Is there anything else that could be causing snooze to not work for recurrences? Maybe I need to manually remove snoozed occurrences from the reminders list at some point (not sure where)?
It was pretty painful, but I think I found the problem. It would be great if an Infragistics employee could verify, and recommend a solution to get this fix available. I've been trying to get answers using a support request, but have had no luck. I need to know if Infragistics usually makes hotfixes for things like this, or if they expect customers to rebuild and deploy themselves?
Here's what I found. As Derek mentioned above, the UpdateSnooze method passes an activity key of the form RecurrenceKey_StartDateTime for an occurrence. This is needed to make occurrences unique. I see the cookie being created, and everything looks good. However, the occurrence snooze never sticks.
The reason seems to be in the WebScheduleInfoRenderer class. The RenderCollectionProperties method makes a call to GetSnoozeFromKey, trying to obtain the snooze for the occurrence (and stand-alone activities). The problem is that it passes the Activity's Data Key, which for an occurrence defaults to the root activity's data key (see AppointmentOccurrence constructor). This is not unique across occurrences, and it isn't used in the UpdateSnoozeContext. What I think it should do is pass this.GetExtendedDataKey(activity) to the call to GetSnoozeFromKey, which will pull out the snooze properly for both stand-alone and occurrence activities. I made that change locally and it seems to work.
Can someone from Infragistics confirm this?

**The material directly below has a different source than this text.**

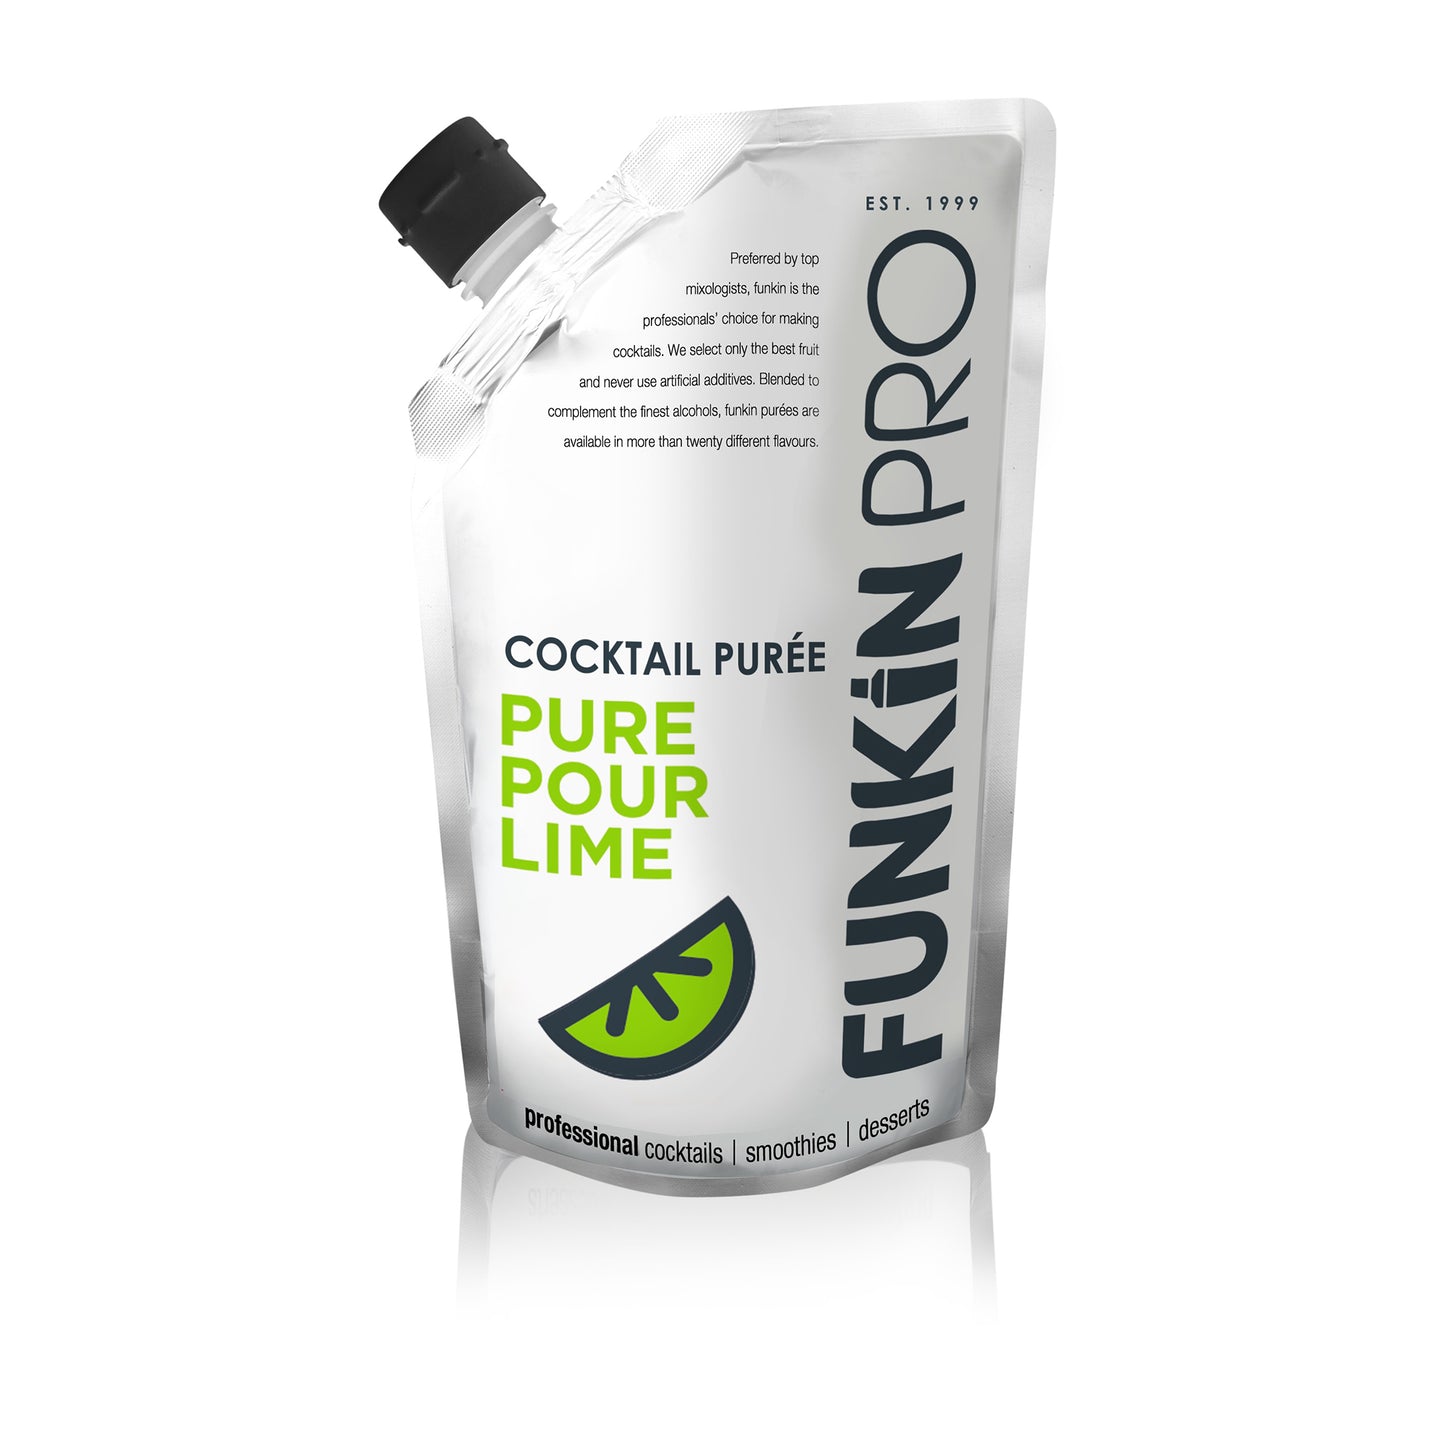 Funkin Lime Juice 1kg

Can someone give me a recommended direction for getting a fix (Hotfix, instructions to build/deploy myself with the rest of the standard assemblies, etc.)?
Hi Brian,
I have logged a Development Issue regarding this behavior. If the issue is determined as a bug, it will be queued to be fixed in the next private hotfix. Until then, I would recommend you to apply your local fix until the issue has been identified as a bug and has been queued for a fix.